作者
Lukas Heumos,Anna C. Schaar,Christopher Lance,Anastasia Litinetskaya,Felix Drost,Luke Zappia,Malte Lücken,Daniel Strobl,Juan D. Henao,Fabiola Curion,Hananeh Aliee,Meshal Ansari,Pau Badia-i-Mompel,Maren Büttner,Emma Dann,Daniel Dimitrov,Leander Dony,Amit Frishberg,Dongze He,Soroor Hediyeh-zadeh,Leon Hetzel,Ignacio L. Ibarra,Matthew G. Jones,Mohammad Lotfollahi,Laura D. Martens,Christian L. Müller,Mor Nitzan,Johannes Ostner,Giovanni Palla,Rob Patro,Zoe Piran,Ciro Ramírez-Suástegui,Julio Sáez-Rodríguez,Hirak Sarkar,Benjamin Schubert,Lisa Sikkema,Avi Srivastava,Jovan Tanevski,Isaac Virshup,Philipp Weiler,Herbert B. Schiller,Fabian J. Theis
摘要
Recent advances in single-cell technologies have enabled high-throughput molecular profiling of cells across modalities and locations. Single-cell transcriptomics data can now be complemented by chromatin accessibility, surface protein expression, adaptive immune receptor repertoire profiling and spatial information. The increasing availability of single-cell data across modalities has motivated the development of novel computational methods to help analysts derive biological insights.
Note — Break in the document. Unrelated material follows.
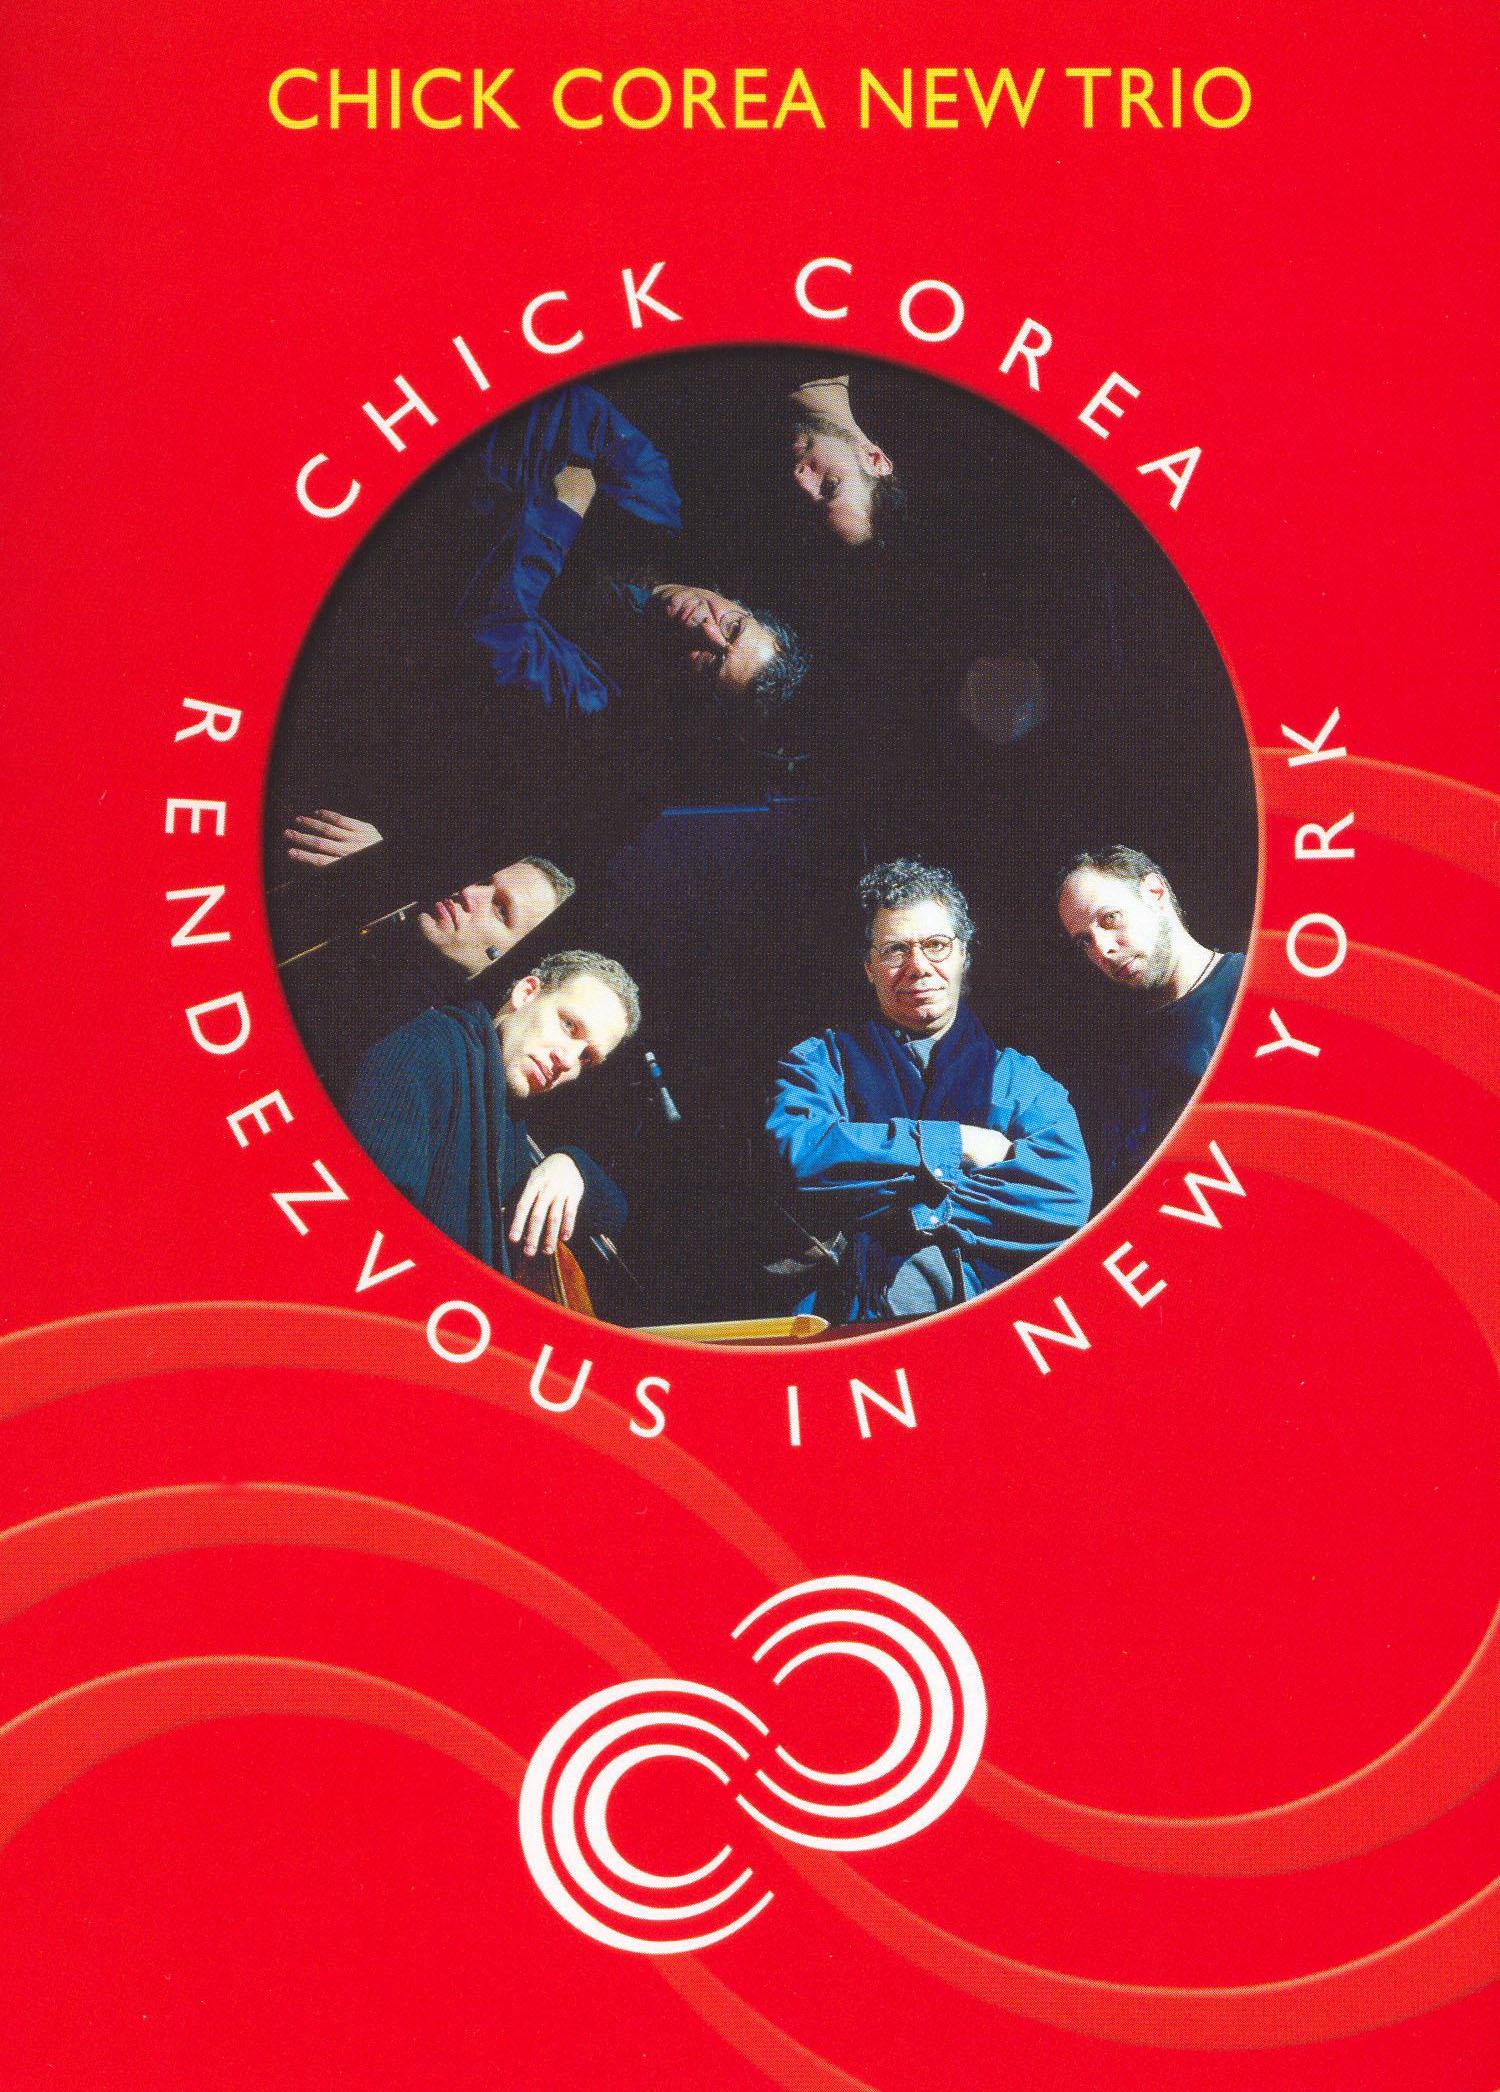 Chick Corea: Rendezvous in New York - Chick Corea's New Trio

As the field grows, it becomes increasingly difficult to navigate the vast landscape of tools and analysis steps. Here, we summarize independent benchmarking studies of unimodal and multimodal single-cell analysis across modalities to suggest comprehensive best-practice workflows for the most common analysis steps. Where independent benchmarks are not available, we review and contrast popular methods. Our article serves as an entry point for novices in the field of single-cell (multi-)omic analysis and guides advanced users to the most recent best practices.